We consider data to be raw or partially processed information, depending on the type of experiment. Results are generally post-analysis information or manuscript figures. For example, if you are sharing gene expression information, raw data would be the raw, zipped, fastq.gz files, while differential expression analysis and volcano plots would be considered results. This distinction is well defined for many types of data, but for assays that we encounter less often this may be less clear. Results might also be acceptable for assays that do not lend themselves to re-analysis, such as western blotting. We can work with you to help figure this out.

Schema

An overlapping concept to data model, a metadata schema provides further rules and standardization of a data model. It outlines additional rules governing the management of metadata through constraints such as the optionality or valid values of attributes.

Sensitive Data

Data that must be protected from unauthorized access to safeguard the privacy or security of an individual or organization. This includes human data at risk of re-identification.

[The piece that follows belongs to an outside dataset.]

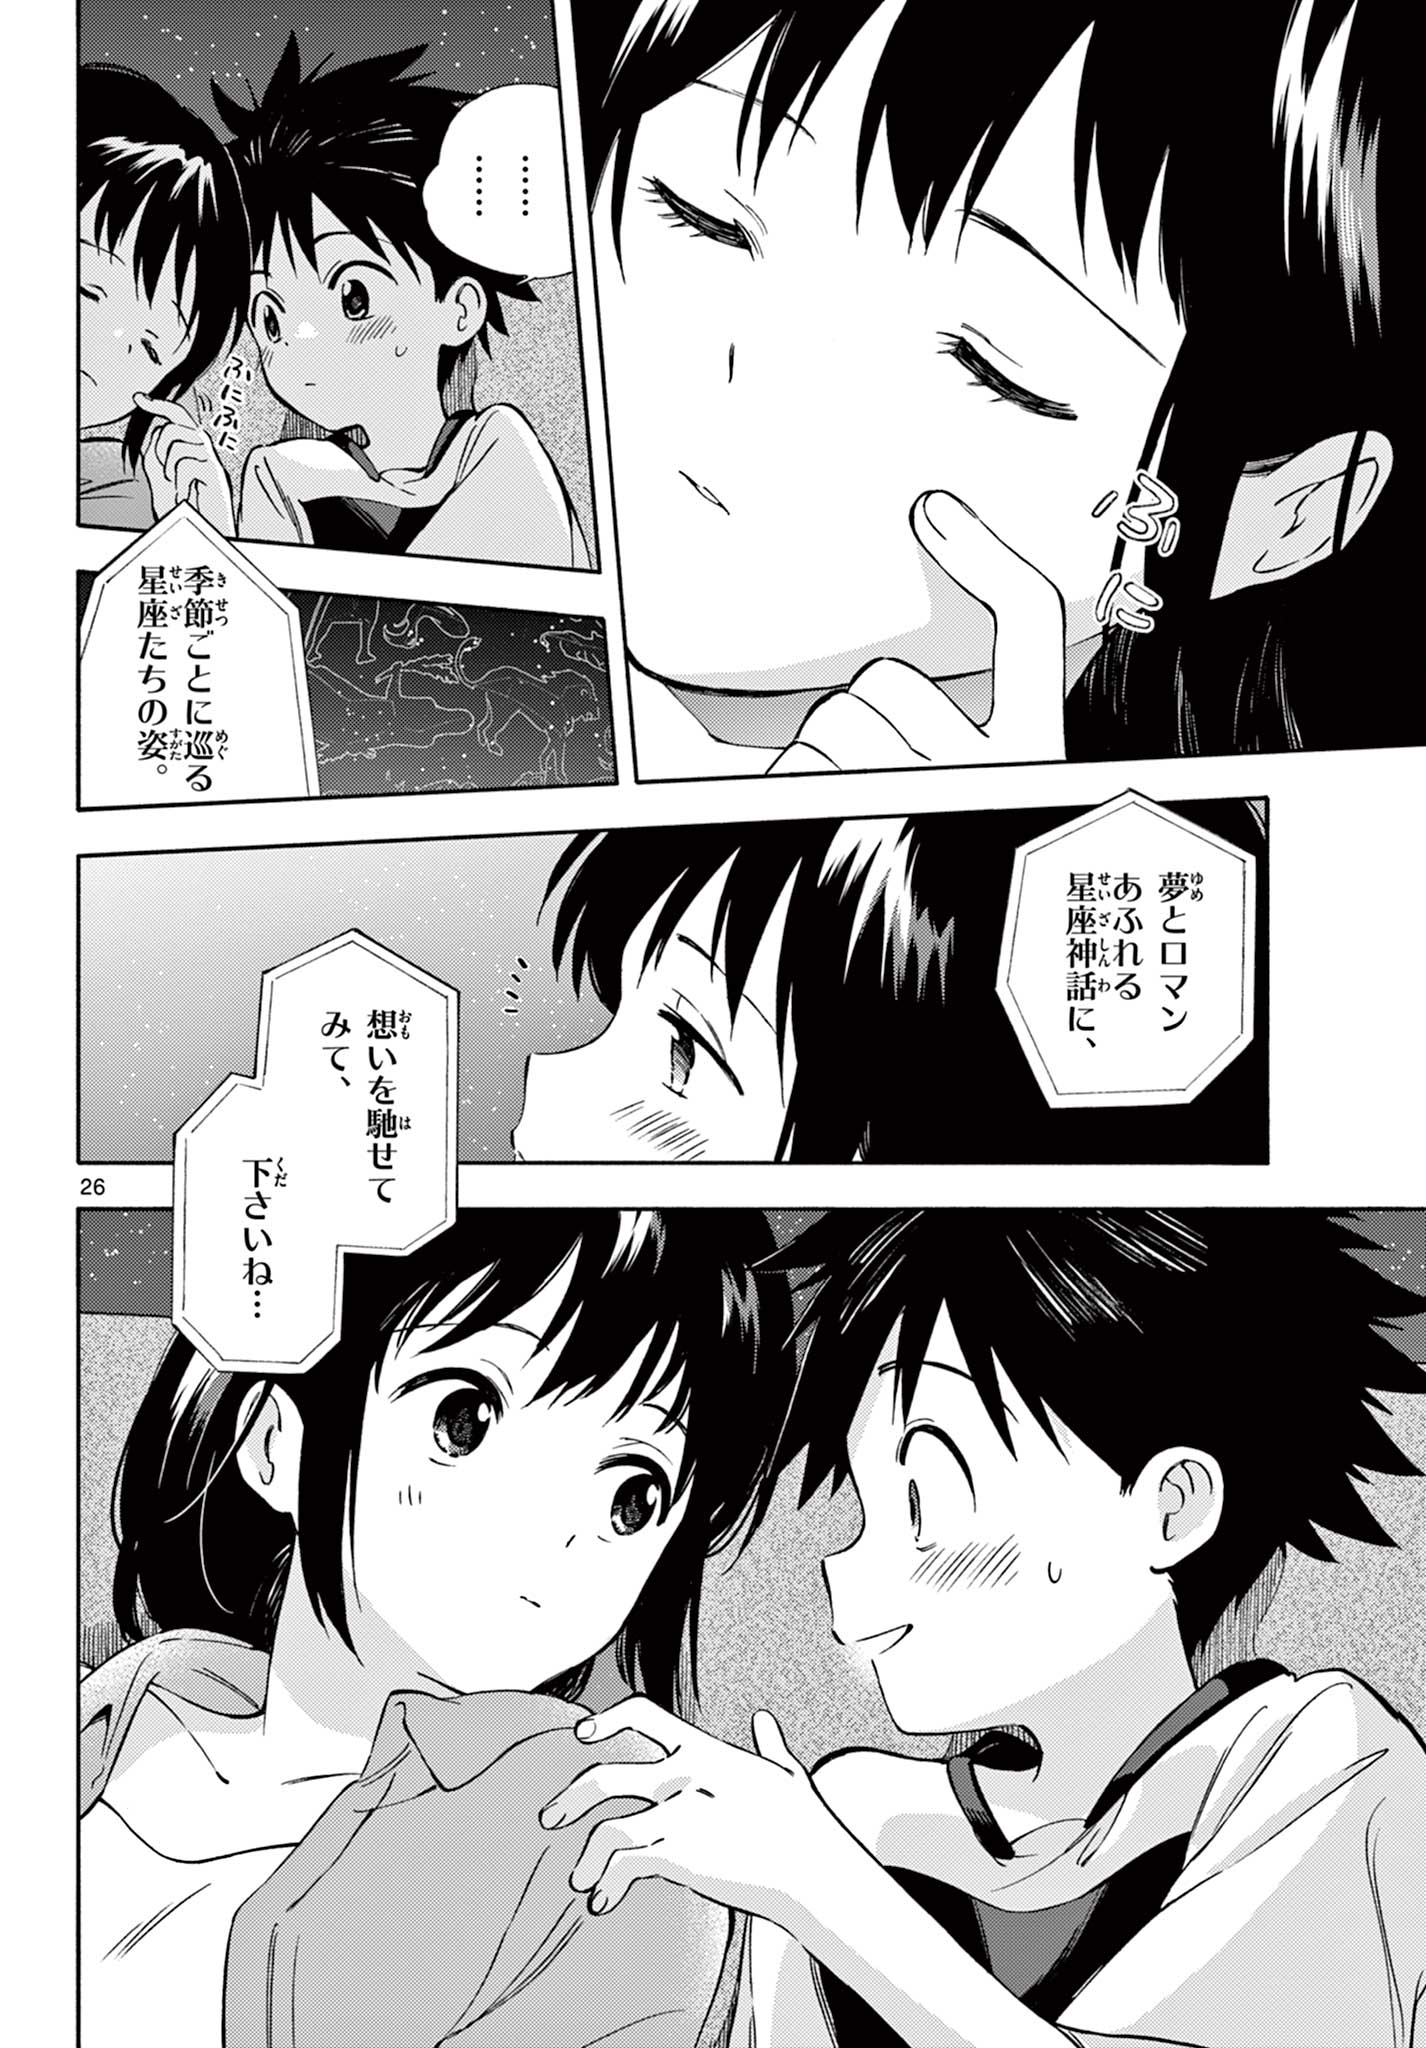 Nami no Shijima no Horizont - Chapter 15.2 - Page 11

Note: “De-identified” data (maintained in a way that does not allow association with a specific person) is not considered sensitive.

Specimen ID

A specimen ID is the identifier for a sample from a specific individual – for example, a brain sample from a specific region or a blood sample.

Study

A study is the primary unit of data organization in the portal. Essentially, each study represents an individual research project with specific objectives and focus (one project can operate multiple studies) A study can represent data generated from a specific human cohort, data from experiments on a model system, cross-consortium data processing and analysis efforts, or data associated with a specific publication. Explore all studies on the portal here.

Synapse ID

Every object in Synapse (file, folder, project, table, view, user, etc.) is designated a unique Synapse ID (also known as synID) that is readable by programmatic clients.

Tools

The portal houses tools available to the research community to assist with data research and analysis. Find computational tools here.